GST pull down assay

GST pull down of GST–Rab11a with Myo5b–GTD and FIP2–RBD was performed as follows. One hundred microliters of 0.5 μM GST–Rab11a, 0–1.0 μM Flag-Myo5b-GTD and 0–1.0 μM Flag-FIP2-RBD in Buffer-B [20 mM MOPS-KOH (pH 7.0), 1 mM MgCl₂, 1 mM EGTA, 1 mM DTT and protease inhibitor cocktail (Roch)] containing 100 mM NaCl and 3 μM GTPγS were mixed with 20 μl of GSH-Sepharose and incubated with rotation at 4°C for 1 h. The bead was collected by brief centrifugation and washed with 100 μl of Buffer-B containing 50 mM NaCl and 1 μM GTPγS for five times. The bound proteins were eluted with 50 μl of 20 mM GSH in Tris-HCl (pH 8.0), 100 mM NaCl and 1mM DTT. The eluted proteins were separated by SDS−PAGE (4–20%) and visualized Western blot.
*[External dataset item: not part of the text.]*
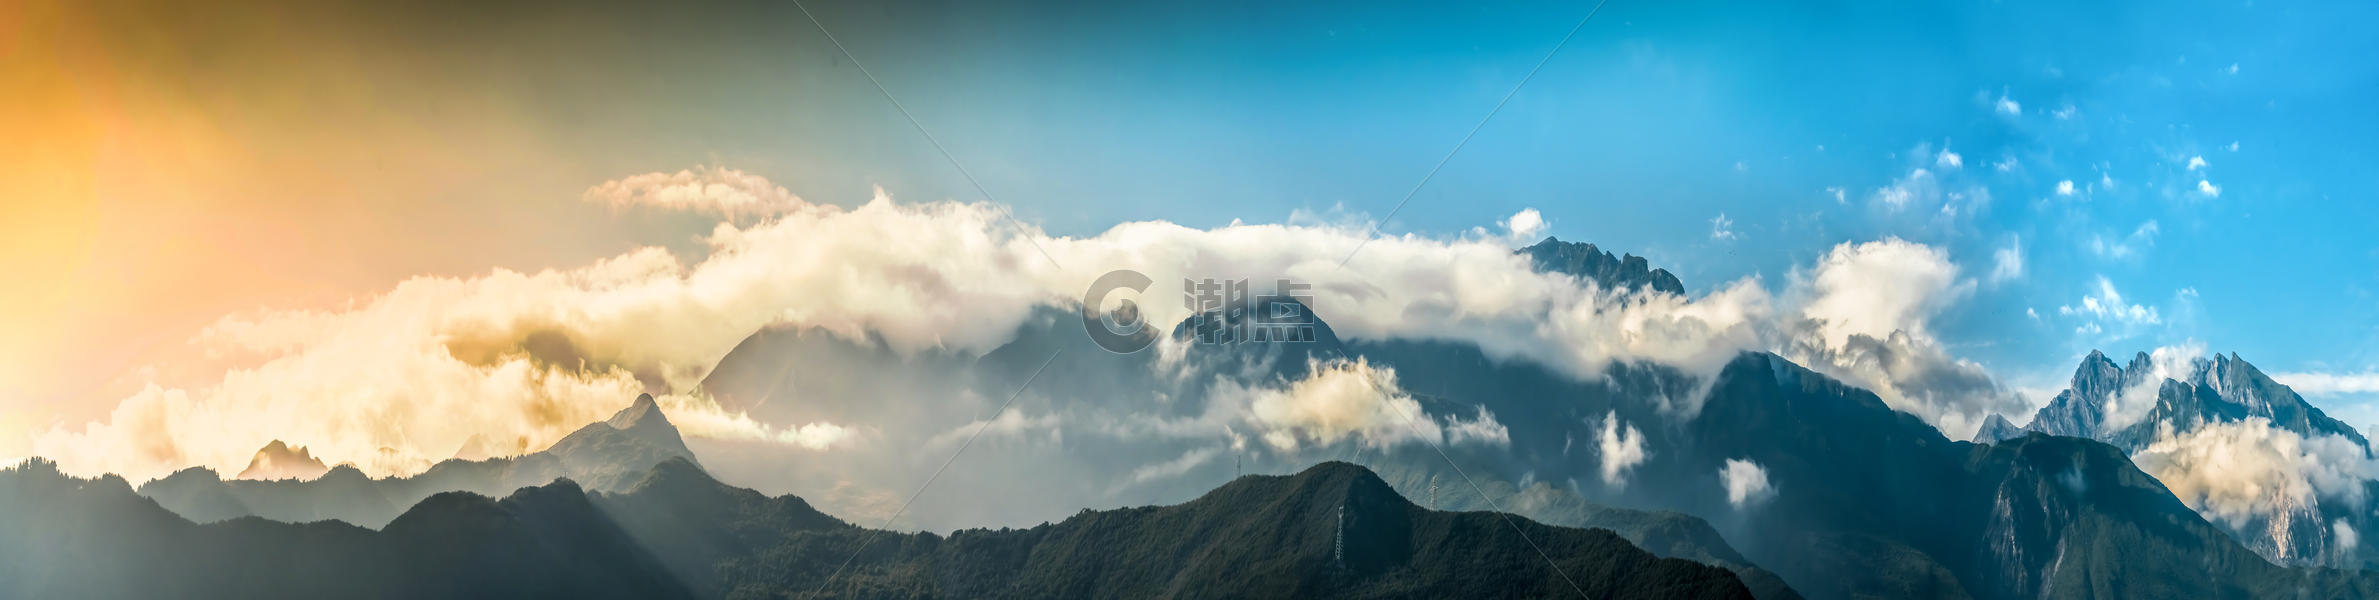 云雾缭绕 全景图图片素材免费下载

GST pull down of GST–Rab11a with Myo5b–Tail and FIP2 or FIP2–RBD was performed as follows. One hundred microliters of 0.5 μM GST–Rab11a, 0–0.5 μM Flag-Myo5b-Tail and 0–1.0 μM Flag-FIP2 or Flag-FIP2-RBD in Buffer-B containing 100 mM NaCl and 3 μM GTPγS were mixed with 20 μl of GSH-Sepharose and incubated with rotation at 4°C for 1 h. The bead was collected by brief centrifugation and washed with 100 μl of Buffer-B containing 50 mM NaCl and 1 μM GTPγS for five times. The bound proteins were eluted with 50 μl of 20 mM GSH in Tris-HCl (pH 8.0), 100 mM NaCl and 1 mM DTT. The eluted proteins were separated by SDS−PAGE (4–20%) and visualized by Coomassie Brilliant Blue staining.